EXERCISE DETAILS: The listing below is to be given again in full and word for word, without its images.

INFORMATION SHOWN:
+---+

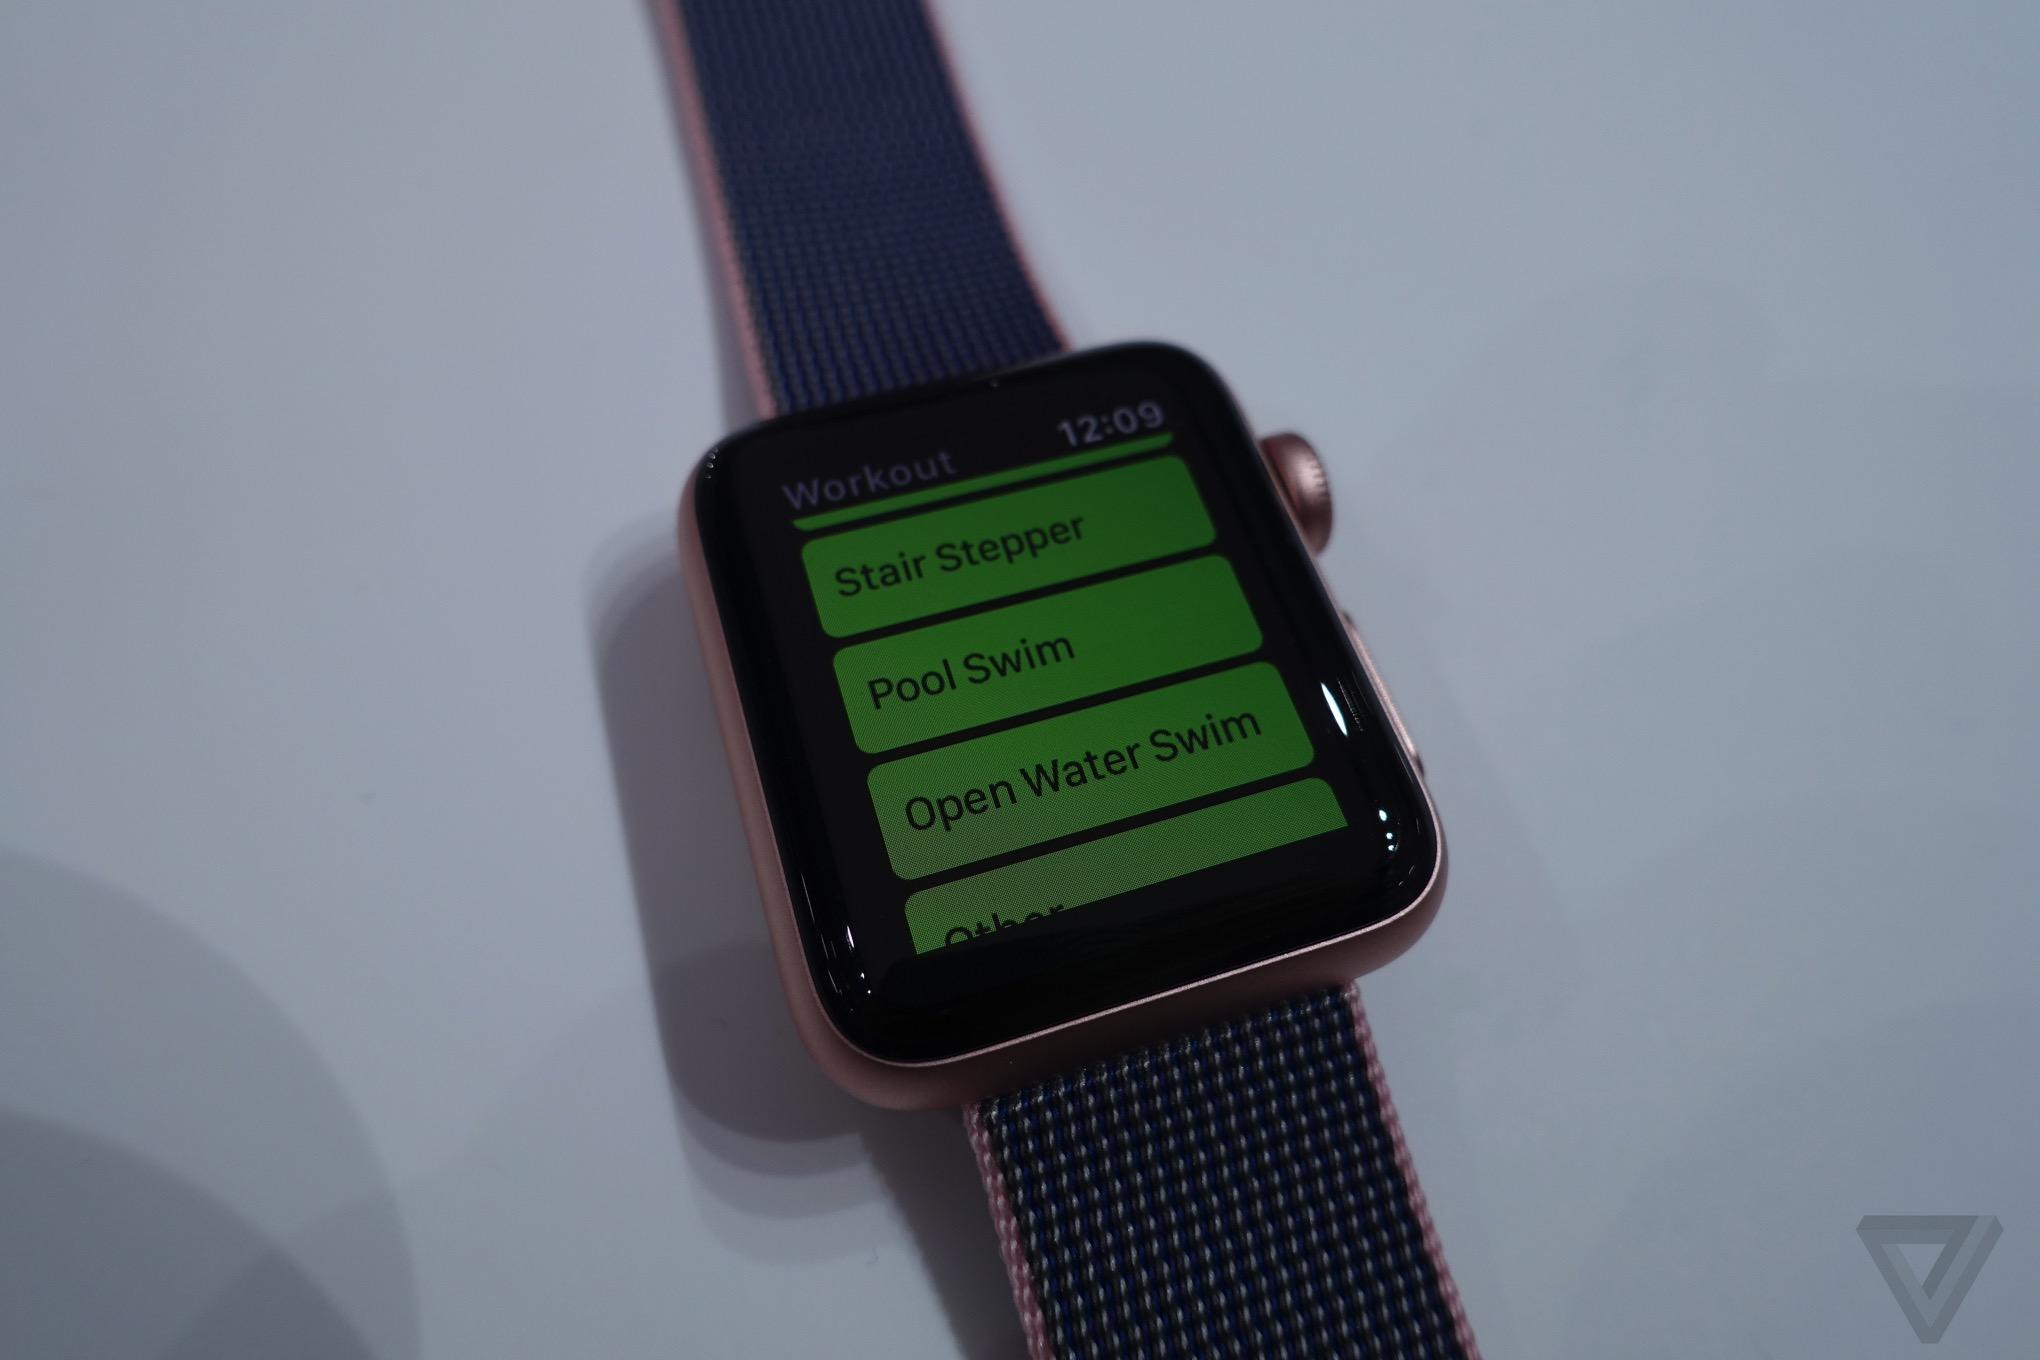 apple nike watch series 2. apple-watch-series-2 apple nike watch series 2
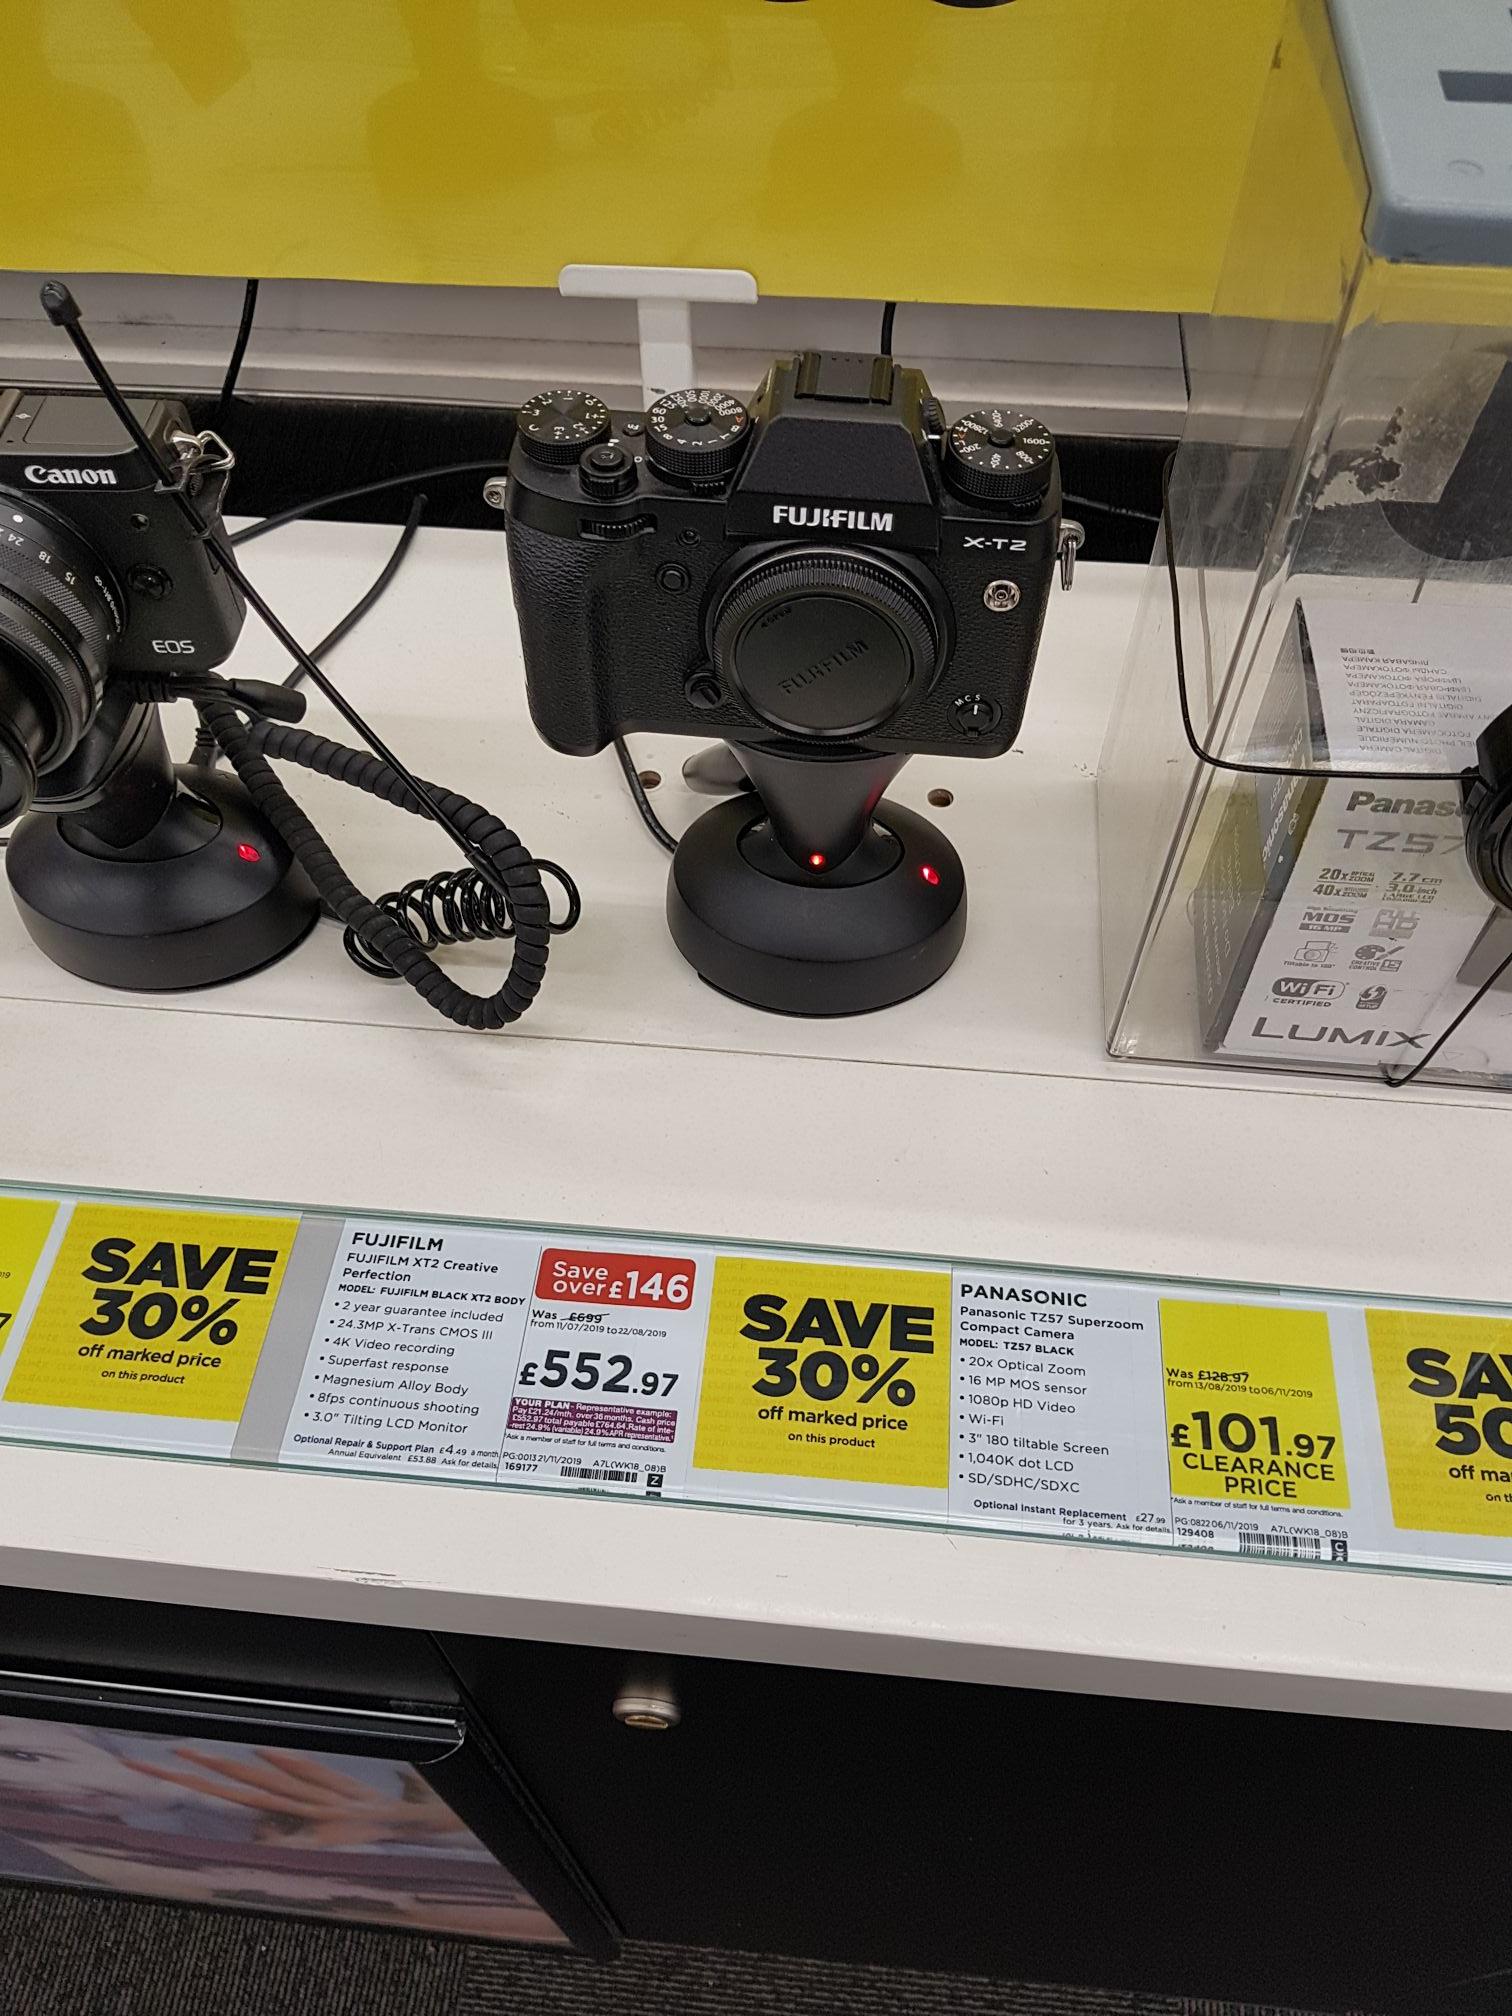 FUJIFILM XT-2 Camera £552.97 @ Currys PC WorldFosse Park, Leicester
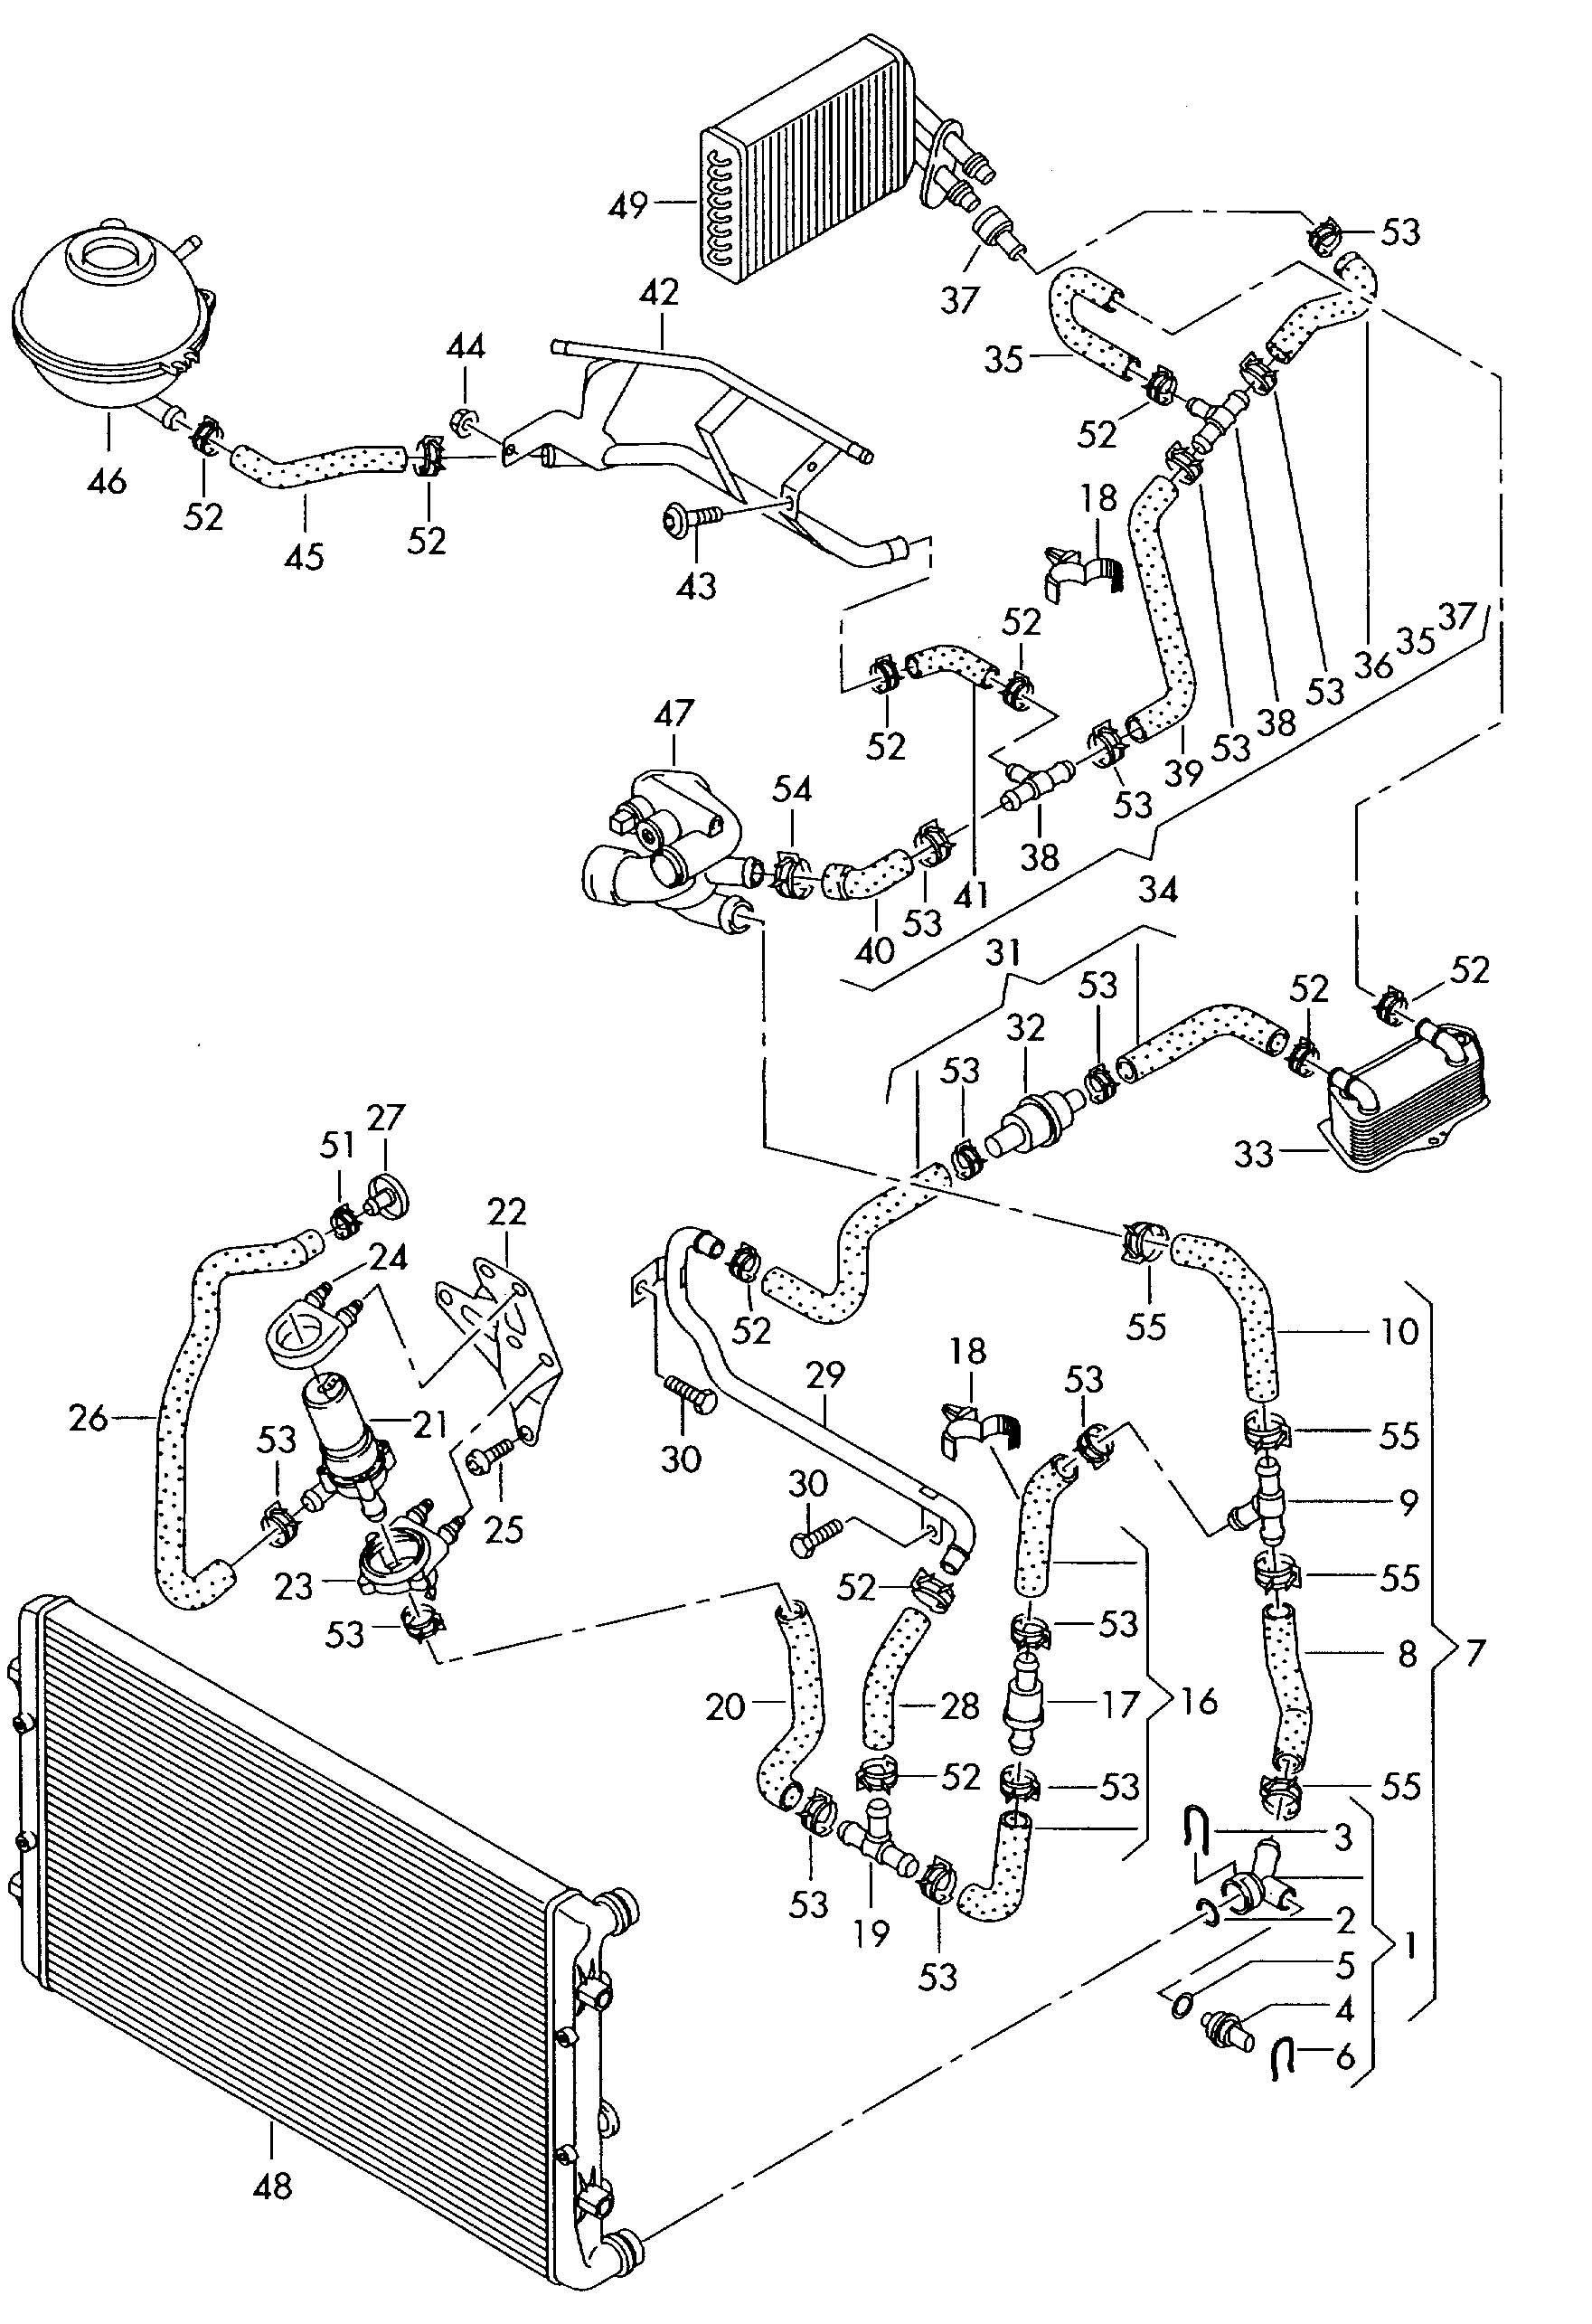 Audi A3 Cooling System Diagram | Audi | Audi a3, Audi, Cars

+---+

WRITTEN RESPONSE:
 apple nike watch series 2. apple-watch-series-2 apple nike watch series 2
 FUJIFILM XT-2 Camera £552.97 @ Currys PC WorldFosse Park, Leicester
 Audi A3 Cooling System Diagram | Audi | Audi a3, Audi, Cars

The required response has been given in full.